To which Digimer, answered: No. <SNIP info about fence device independence>
However, there is an *Almost* software only fence.
If you goal is high-availability, there is a strong argument that "almost" isn't enough.
Unfortunately for me I learned about (or at least understood) the stonith devices late in the above system's life. I expect even meatware stonith[1] could have saved me considerable pain five or six times.
Manual fencing was dropped as a supported fence method in RHEL 6 because it was too prone to human mistakes. When an HA cluster is hung and an admin who might not have touched the cluster in months has users and managers yelling at them, mistakes with potentially massive consequences happen.
Manual fencing is just not safe.
Understand that I am not recommending meatware stonith to be a good operational stonith device, see [2] for how much subtle understanding the meat has to have, but it would be much better than NO operational stonith device.
Bingo on the meat, disagree on "no stonith" at all.

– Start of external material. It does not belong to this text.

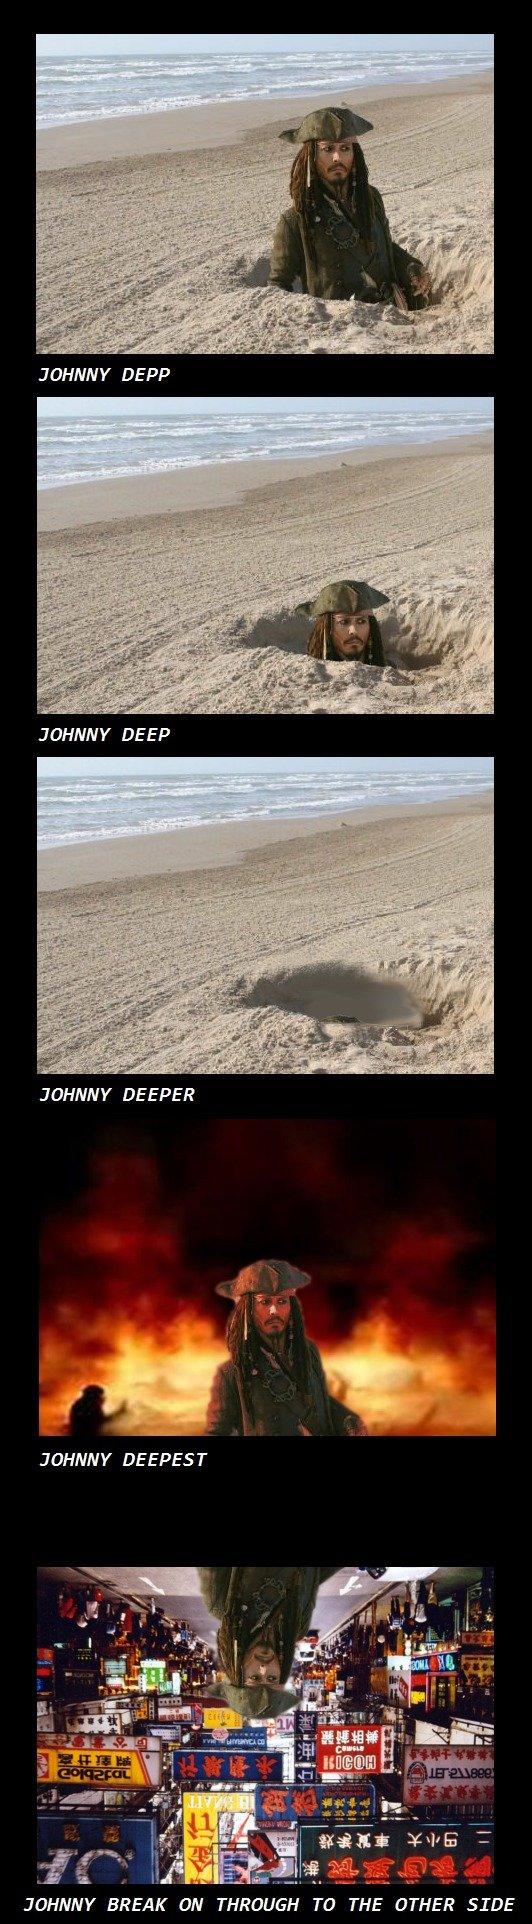 Johnny Depp. 60% OC. 40% made by FJ user evilhomer - /user/evilhomer - Props to him!. JOHNNY DEEPER JOHNNY DEEPEST johnny depp

A cluster must have fencing.
[1] http://clusterlabs.org/doc/crm_fencing.html#_meatware [2] http://oss.clusterlabs.org/pipermail/pacemaker/2011-June/010693.html
Even when this disclaimer is not here: I am not a contracting officer. I do not have authority to make or modify the terms of any contract.
Cheers
Ok, fencing is a requirement for a cluster for hardware failure. I've another question about this arg, but for software failure. Supposing to have a cluster of httpd installation on 6 virtualized hosts, each one on a different server. Suppose also that a guest (named host6) has a problem and can't start apache. With this scenario, the ipmi, ups are unnecessary. How to work fencing in this way? How to make fencing node?
Thanks in advance.
Alessandro.